Os tubarões-baleia, aparentemente, foram poupados devido ao seu tamanho prodigioso. Crescendo para uma extensão média de cerca de 30 metros e pesando cerca de 10 toneladas, estes gigantes são geralmente muito grandes para pequenos barcos para trazer para o mercado e difíceis de pescar com isca, uma vez que comem plâncton. Cochran diz que apenas uma vez, nos sete anos em que esteve lá, ouviu falar de um pescador trazendo um tubarão-baleia, depois que ele se enredou em sua rede.

Para todas as outras espécies de tubarões do Mar Vermelho, a principal ameaça é a pesca.

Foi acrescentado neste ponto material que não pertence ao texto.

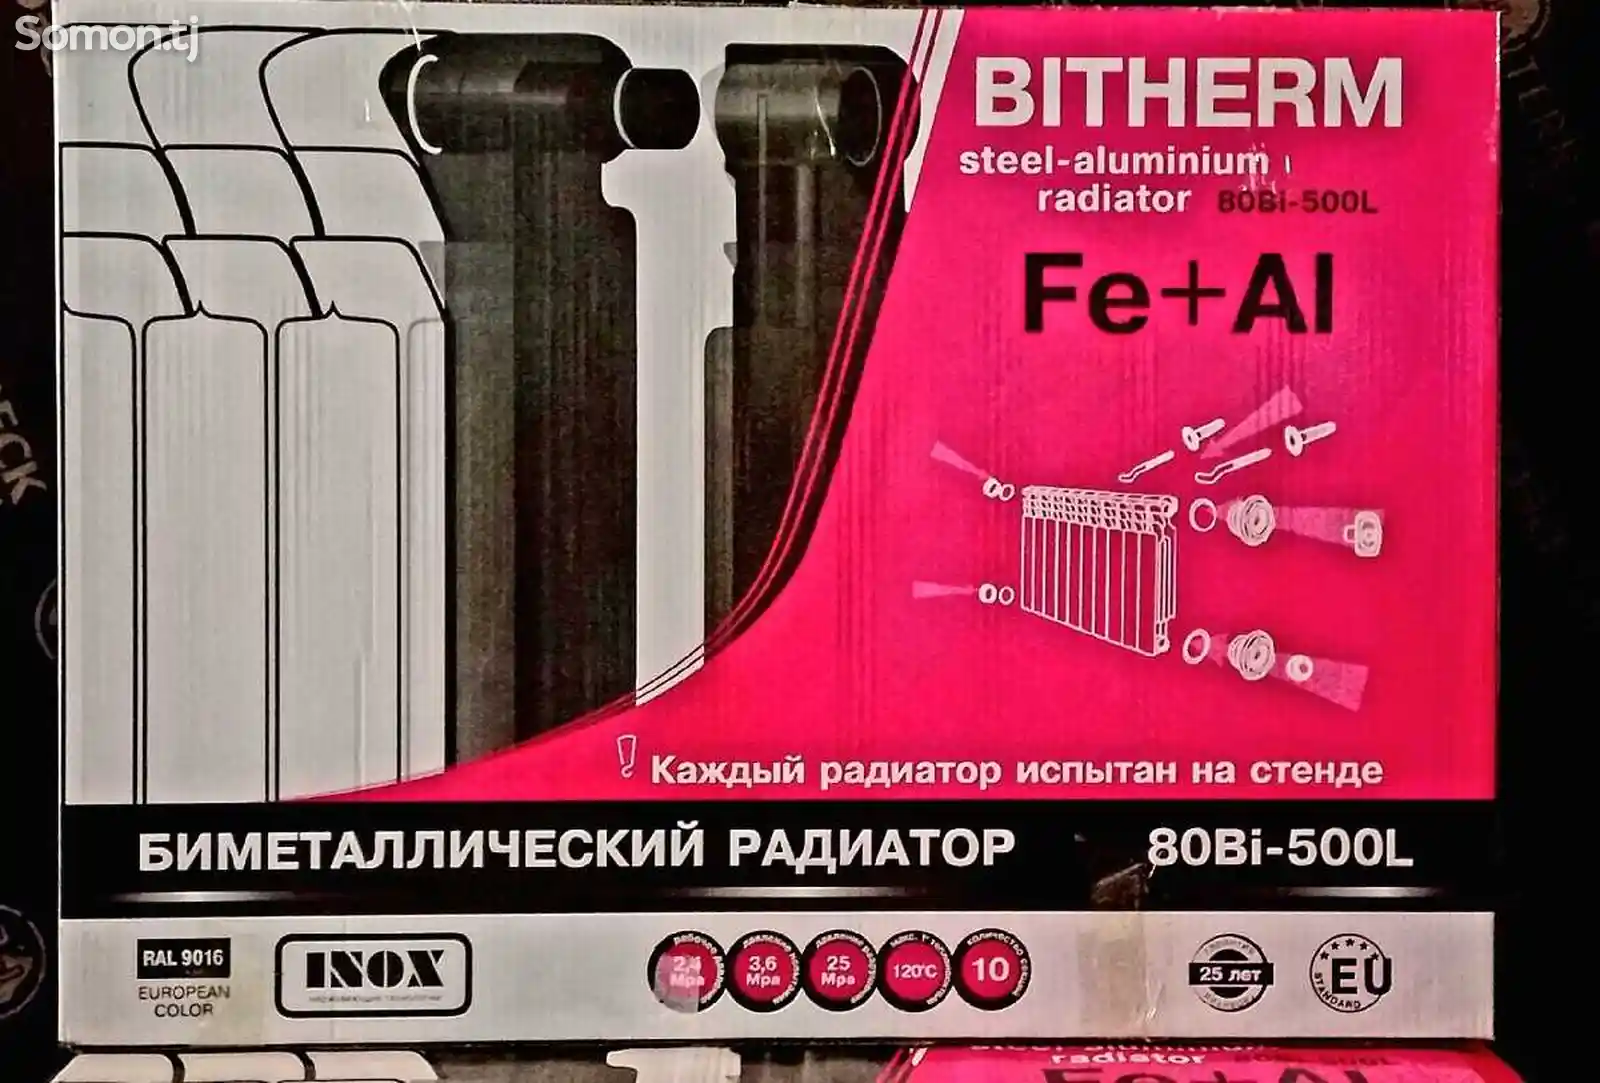 Радиатор Bitherm-6

Apesar de tecnicamente ilegal em águas sauditas sob decreto real desde 2008, Spaet diz que a pesca de tubarão ainda é amplamente praticada e muitos pescadores nem sabem que a regra existe. "A lei não está fazendo nada", diz ela.

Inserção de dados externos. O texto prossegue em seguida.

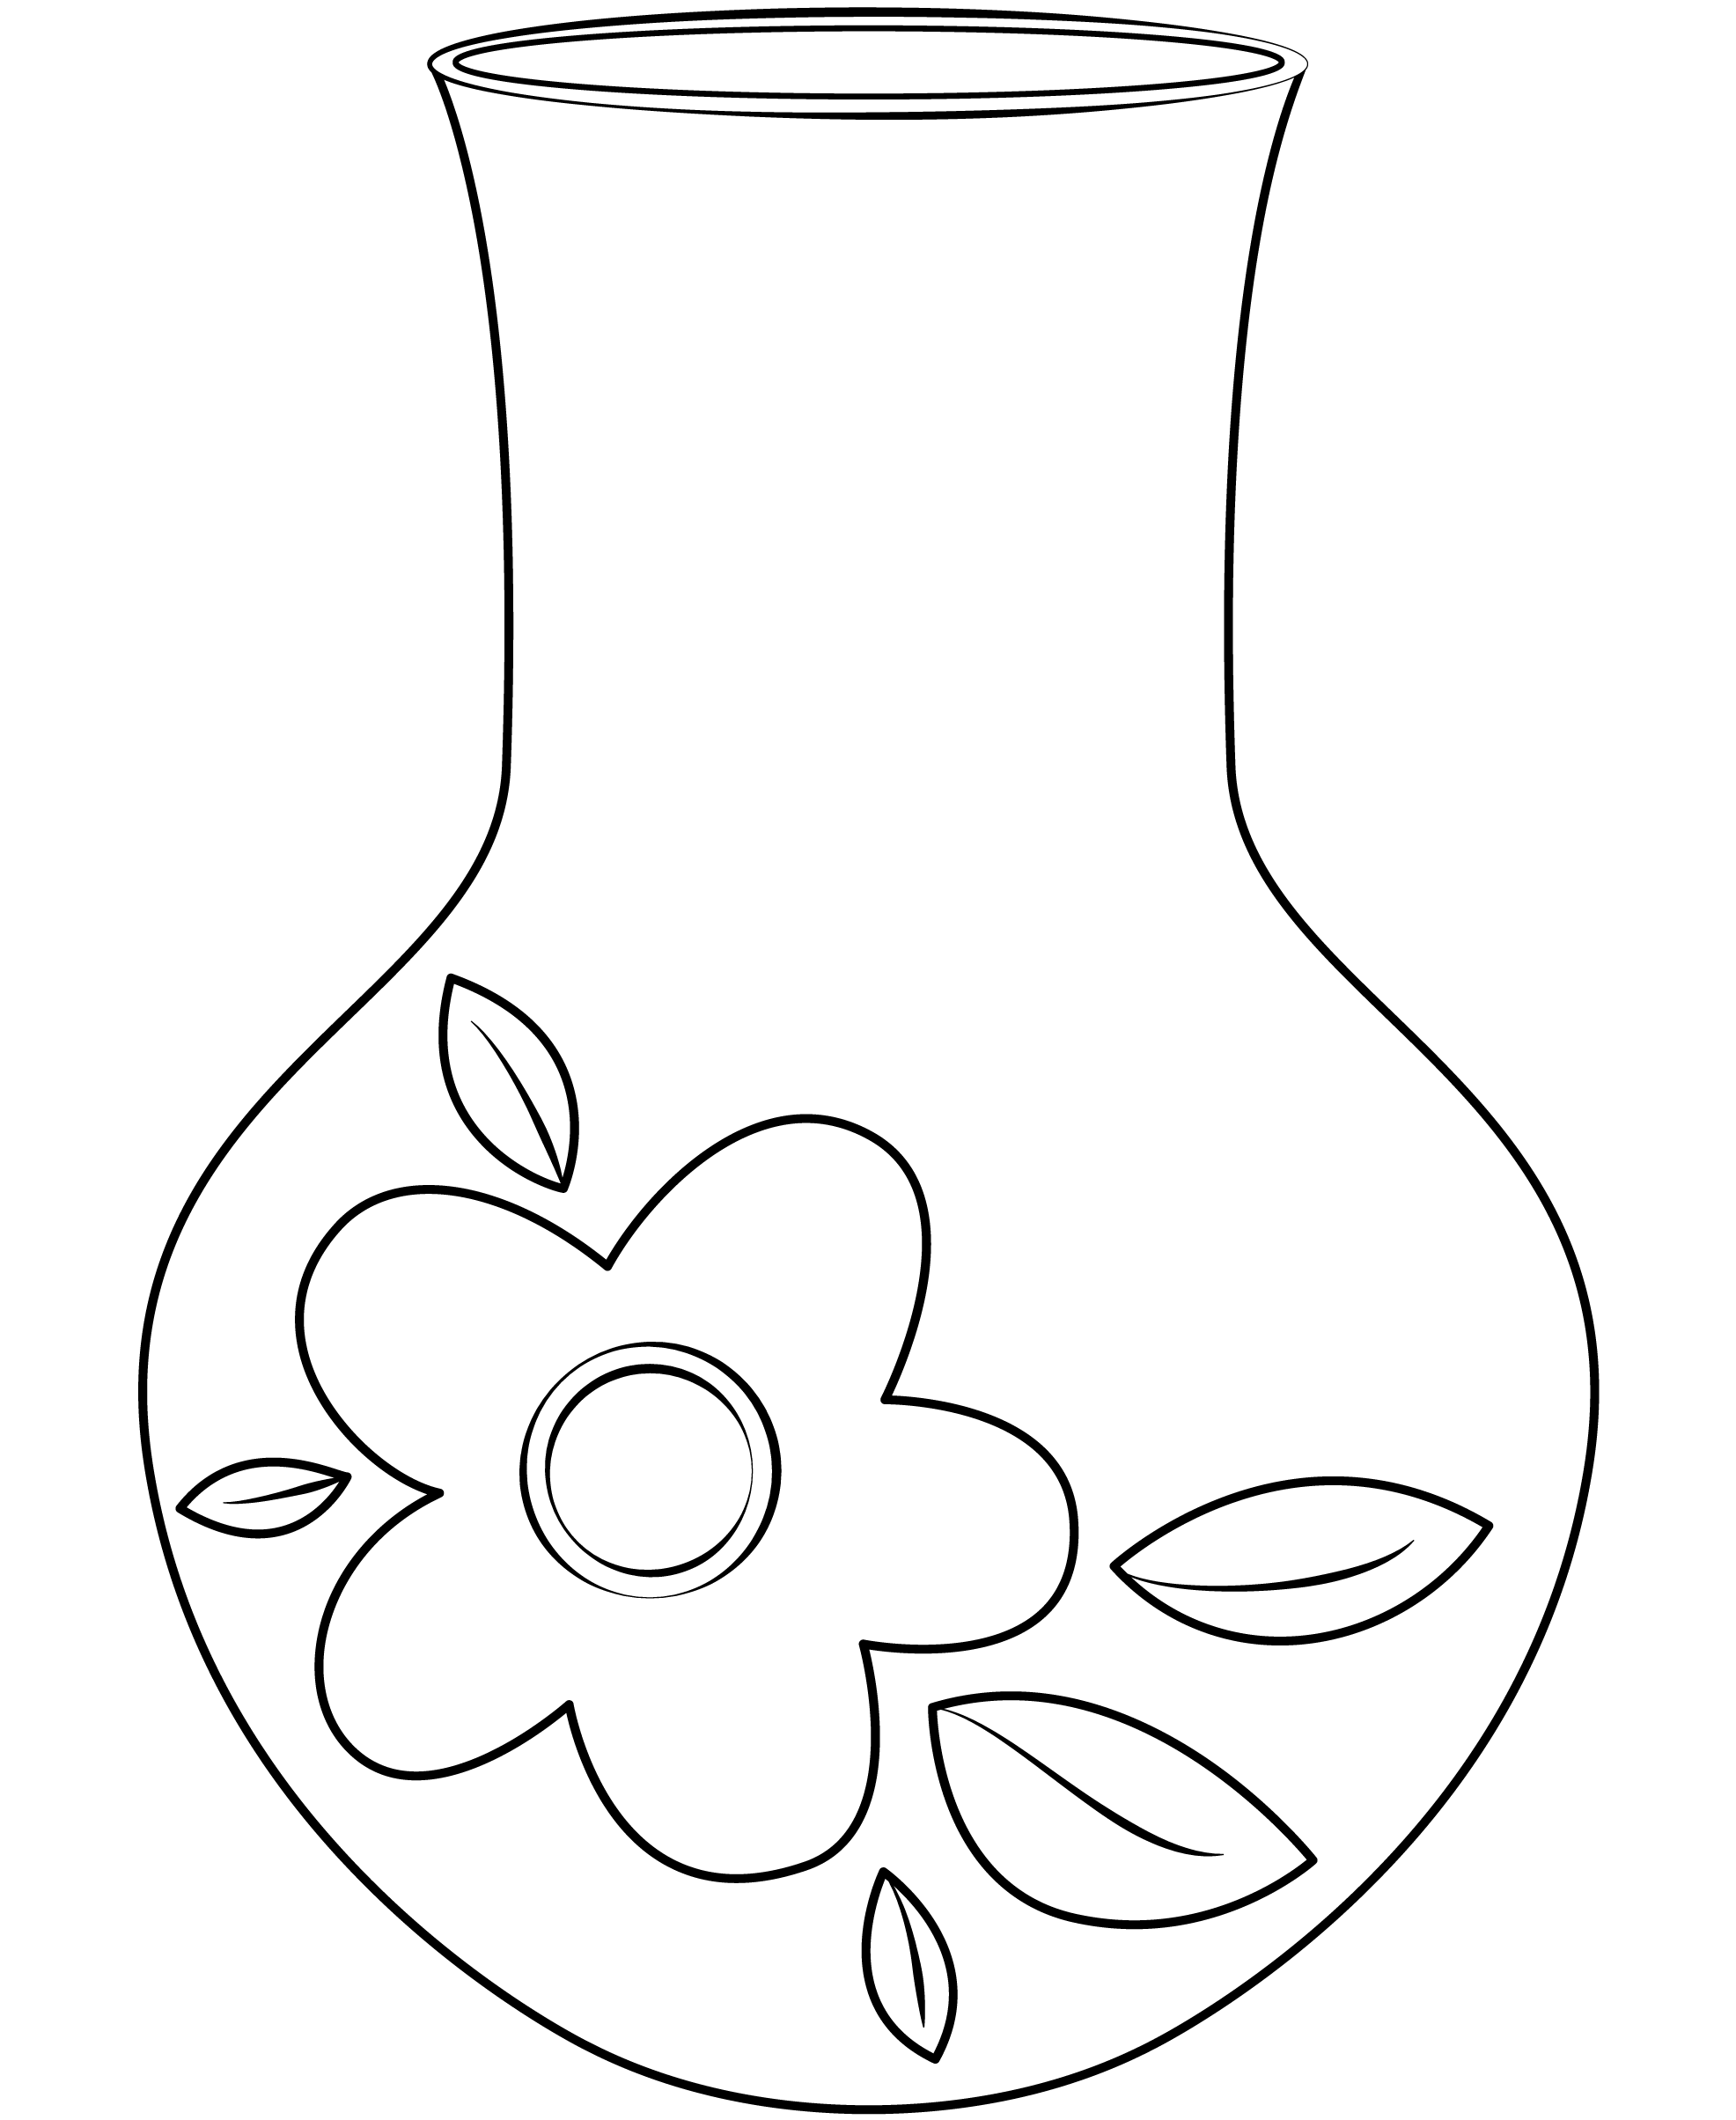 Трафарет плаcтиковый ЗХК 22*25 см растительный орнамент (элементы рисунка: цветы и волны)

Em termos de declínio de tubarões, é difícil apontar o dedo para outro lugar, diz ela, já que o Mar Vermelho tem pouca poluição e quase nada de turismo. A equipe de Spaet também pesquisou as águas do estreito no lado sudanês, onde os moradores locais não pesam muito para os tubarões. "As populações eram extremamente saudáveis ​​e a única diferença era a pesca", diz Spaet, acrescentando que o país africano agora tem um pouco de turismo focado em tubarões-baleia, o que também ajuda a concentrar a atenção da conservação nessa espécie.

Essas técnicas de pesca de tubarão são indiscriminadas; um estudo anterior na Fisheries Research, no qual Spaet participou, mostra que os pescadores têm como alvo áreas de viveiros rasos e capturam centenas de tubarões. "Eles basicamente acabam com uma geração inteira em um dia", diz ela, acrescentando que os tubarões-martelo e as populações de tubarões-de-cauda-dura foram particularmente atingidos por essa prática.

Muitas dessas capturas acabaram no mercado de peixe, onde ela fez pesquisas. Spaet diz que teve que passar por poças de sangue misturadas com o petróleo dos carros, com carcaças de tubarões dispostas à venda no solo sob o sol ardente da Arábia Saudita. "O cheiro do mercado de peixe é inacreditável", diz ela.

Bond diz que as evidências mostram que os tubarões se saem melhor em áreas marinhas protegidas, seja devido à colheita menos direta do peixe ou se isso significa que eles se beneficiam de uma base maior de presas nessas áreas. Embora a Arábia Saudita tenha regras contra a pesca de tubarões, é importante começar a aplicá-las imediatamente em vez de cinco ou dez anos, diz ele.

Spaet diz que as leis seriam relativamente simples de aplicar, porque a guarda costeira saudita já verifica a maioria dos barcos que entram e saem para o porto. Mas pode ser tarde demais: ela acredita que várias espécies já podem estar condenadas. “Eu acho que [nosso estudo] mostra claramente que se reduzirmos a pesca no lado saudita, teríamos a chance de recuperar pelo menos algumas das espécies.”